* **INSTRUCTIONS TO FOLLOW**:
Would you set down every entry shown below, precisely as written?

[Extracted data entries]
- - - - -

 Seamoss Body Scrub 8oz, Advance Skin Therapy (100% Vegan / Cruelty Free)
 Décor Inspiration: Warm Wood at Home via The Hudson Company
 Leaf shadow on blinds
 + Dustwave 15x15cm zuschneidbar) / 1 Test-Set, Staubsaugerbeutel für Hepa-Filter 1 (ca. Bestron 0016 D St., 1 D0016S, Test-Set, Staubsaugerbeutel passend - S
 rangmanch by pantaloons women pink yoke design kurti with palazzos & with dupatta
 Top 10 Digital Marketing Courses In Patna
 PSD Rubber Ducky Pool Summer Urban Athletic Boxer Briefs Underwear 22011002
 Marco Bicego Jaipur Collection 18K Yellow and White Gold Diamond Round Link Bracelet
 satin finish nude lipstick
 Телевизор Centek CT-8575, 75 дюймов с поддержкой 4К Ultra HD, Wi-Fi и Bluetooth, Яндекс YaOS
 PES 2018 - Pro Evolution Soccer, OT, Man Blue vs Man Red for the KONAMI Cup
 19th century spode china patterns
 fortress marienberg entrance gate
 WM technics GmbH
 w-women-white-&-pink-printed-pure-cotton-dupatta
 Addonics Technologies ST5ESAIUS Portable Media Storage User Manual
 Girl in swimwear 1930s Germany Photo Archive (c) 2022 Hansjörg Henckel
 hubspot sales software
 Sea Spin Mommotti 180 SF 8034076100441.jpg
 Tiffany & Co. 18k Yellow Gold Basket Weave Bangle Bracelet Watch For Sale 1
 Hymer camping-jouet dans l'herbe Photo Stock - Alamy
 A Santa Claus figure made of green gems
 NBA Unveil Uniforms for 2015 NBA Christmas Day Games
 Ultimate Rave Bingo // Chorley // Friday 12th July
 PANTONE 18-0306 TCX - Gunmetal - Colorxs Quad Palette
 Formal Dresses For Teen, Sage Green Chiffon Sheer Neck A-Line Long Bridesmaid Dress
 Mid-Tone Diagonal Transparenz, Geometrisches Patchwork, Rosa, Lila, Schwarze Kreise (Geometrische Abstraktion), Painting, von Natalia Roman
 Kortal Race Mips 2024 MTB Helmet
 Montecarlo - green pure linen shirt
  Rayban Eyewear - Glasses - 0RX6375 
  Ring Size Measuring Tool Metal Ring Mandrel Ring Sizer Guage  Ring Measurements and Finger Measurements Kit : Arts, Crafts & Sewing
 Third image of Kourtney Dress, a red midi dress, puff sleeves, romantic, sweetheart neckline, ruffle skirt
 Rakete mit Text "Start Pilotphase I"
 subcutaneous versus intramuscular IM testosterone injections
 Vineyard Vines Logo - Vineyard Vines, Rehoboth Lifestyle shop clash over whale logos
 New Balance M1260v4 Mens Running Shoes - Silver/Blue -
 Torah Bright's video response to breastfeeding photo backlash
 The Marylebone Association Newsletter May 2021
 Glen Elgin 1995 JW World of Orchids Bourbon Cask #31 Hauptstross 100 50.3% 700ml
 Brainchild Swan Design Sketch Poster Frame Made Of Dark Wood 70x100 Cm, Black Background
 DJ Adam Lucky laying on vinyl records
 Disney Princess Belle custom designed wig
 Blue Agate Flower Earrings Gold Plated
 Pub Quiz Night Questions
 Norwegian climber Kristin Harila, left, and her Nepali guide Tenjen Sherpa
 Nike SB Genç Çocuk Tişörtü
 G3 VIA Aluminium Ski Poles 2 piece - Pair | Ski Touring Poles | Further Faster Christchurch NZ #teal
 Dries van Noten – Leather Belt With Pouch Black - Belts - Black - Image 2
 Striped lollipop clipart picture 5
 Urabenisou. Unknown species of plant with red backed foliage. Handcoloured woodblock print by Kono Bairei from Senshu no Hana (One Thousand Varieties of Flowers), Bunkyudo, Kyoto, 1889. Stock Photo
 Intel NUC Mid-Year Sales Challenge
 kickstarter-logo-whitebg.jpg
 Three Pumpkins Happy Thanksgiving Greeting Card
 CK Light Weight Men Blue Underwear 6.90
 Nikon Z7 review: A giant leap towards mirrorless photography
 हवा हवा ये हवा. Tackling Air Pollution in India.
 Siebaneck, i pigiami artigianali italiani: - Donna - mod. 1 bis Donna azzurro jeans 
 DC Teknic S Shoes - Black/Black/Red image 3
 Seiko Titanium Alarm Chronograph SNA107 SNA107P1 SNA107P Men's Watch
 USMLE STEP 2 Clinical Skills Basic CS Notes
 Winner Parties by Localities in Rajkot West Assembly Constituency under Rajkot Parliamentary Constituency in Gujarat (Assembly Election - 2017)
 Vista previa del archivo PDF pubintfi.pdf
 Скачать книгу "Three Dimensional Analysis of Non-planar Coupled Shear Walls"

- - - - -

* **WRITTEN RESPONSE**:
 Seamoss Body Scrub 8oz, Advance Skin Therapy (100% Vegan / Cruelty Free)
 Décor Inspiration: Warm Wood at Home via The Hudson Company
 Leaf shadow on blinds
 + Dustwave 15x15cm zuschneidbar) / 1 Test-Set, Staubsaugerbeutel für Hepa-Filter 1 (ca. Bestron 0016 D St., 1 D0016S, Test-Set, Staubsaugerbeutel passend - S
 rangmanch by pantaloons women pink yoke design kurti with palazzos & with dupatta
 Top 10 Digital Marketing Courses In Patna
 PSD Rubber Ducky Pool Summer Urban Athletic Boxer Briefs Underwear 22011002
 Marco Bicego Jaipur Collection 18K Yellow and White Gold Diamond Round Link Bracelet
 satin finish nude lipstick
 Телевизор Centek CT-8575, 75 дюймов с поддержкой 4К Ultra HD, Wi-Fi и Bluetooth, Яндекс YaOS
 PES 2018 - Pro Evolution Soccer, OT, Man Blue vs Man Red for the KONAMI Cup
 19th century spode china patterns
 fortress marienberg entrance gate
 WM technics GmbH
 w-women-white-&-pink-printed-pure-cotton-dupatta
 Addonics Technologies ST5ESAIUS Portable Media Storage User Manual
 Girl in swimwear 1930s Germany Photo Archive (c) 2022 Hansjörg Henckel
 hubspot sales software
 Sea Spin Mommotti 180 SF 8034076100441.jpg
 Tiffany & Co. 18k Yellow Gold Basket Weave Bangle Bracelet Watch For Sale 1
 Hymer camping-jouet dans l'herbe Photo Stock - Alamy
 A Santa Claus figure made of green gems
 NBA Unveil Uniforms for 2015 NBA Christmas Day Games
 Ultimate Rave Bingo // Chorley // Friday 12th July
 PANTONE 18-0306 TCX - Gunmetal - Colorxs Quad Palette
 Formal Dresses For Teen, Sage Green Chiffon Sheer Neck A-Line Long Bridesmaid Dress
 Mid-Tone Diagonal Transparenz, Geometrisches Patchwork, Rosa, Lila, Schwarze Kreise (Geometrische Abstraktion), Painting, von Natalia Roman
 Kortal Race Mips 2024 MTB Helmet
 Montecarlo - green pure linen shirt
  Rayban Eyewear - Glasses - 0RX6375 
  Ring Size Measuring Tool Metal Ring Mandrel Ring Sizer Guage  Ring Measurements and Finger Measurements Kit : Arts, Crafts & Sewing
 Third image of Kourtney Dress, a red midi dress, puff sleeves, romantic, sweetheart neckline, ruffle skirt
 Rakete mit Text "Start Pilotphase I"
 subcutaneous versus intramuscular IM testosterone injections
 Vineyard Vines Logo - Vineyard Vines, Rehoboth Lifestyle shop clash over whale logos
 New Balance M1260v4 Mens Running Shoes - Silver/Blue -
 Torah Bright's video response to breastfeeding photo backlash
 The Marylebone Association Newsletter May 2021
 Glen Elgin 1995 JW World of Orchids Bourbon Cask #31 Hauptstross 100 50.3% 700ml
 Brainchild Swan Design Sketch Poster Frame Made Of Dark Wood 70x100 Cm, Black Background
 DJ Adam Lucky laying on vinyl records
 Disney Princess Belle custom designed wig
 Blue Agate Flower Earrings Gold Plated
 Pub Quiz Night Questions
 Norwegian climber Kristin Harila, left, and her Nepali guide Tenjen Sherpa
 Nike SB Genç Çocuk Tişörtü
 G3 VIA Aluminium Ski Poles 2 piece - Pair | Ski Touring Poles | Further Faster Christchurch NZ #teal
 Dries van Noten – Leather Belt With Pouch Black - Belts - Black - Image 2
 Striped lollipop clipart picture 5
 Urabenisou. Unknown species of plant with red backed foliage. Handcoloured woodblock print by Kono Bairei from Senshu no Hana (One Thousand Varieties of Flowers), Bunkyudo, Kyoto, 1889. Stock Photo
 Intel NUC Mid-Year Sales Challenge
 kickstarter-logo-whitebg.jpg
 Three Pumpkins Happy Thanksgiving Greeting Card
 CK Light Weight Men Blue Underwear 6.90
 Nikon Z7 review: A giant leap towards mirrorless photography
 हवा हवा ये हवा. Tackling Air Pollution in India.
 Siebaneck, i pigiami artigianali italiani: - Donna - mod. 1 bis Donna azzurro jeans 
 DC Teknic S Shoes - Black/Black/Red image 3
 Seiko Titanium Alarm Chronograph SNA107 SNA107P1 SNA107P Men's Watch
 USMLE STEP 2 Clinical Skills Basic CS Notes
 Winner Parties by Localities in Rajkot West Assembly Constituency under Rajkot Parliamentary Constituency in Gujarat (Assembly Election - 2017)
 Vista previa del archivo PDF pubintfi.pdf
 Скачать книгу "Three Dimensional Analysis of Non-planar Coupled Shear Walls"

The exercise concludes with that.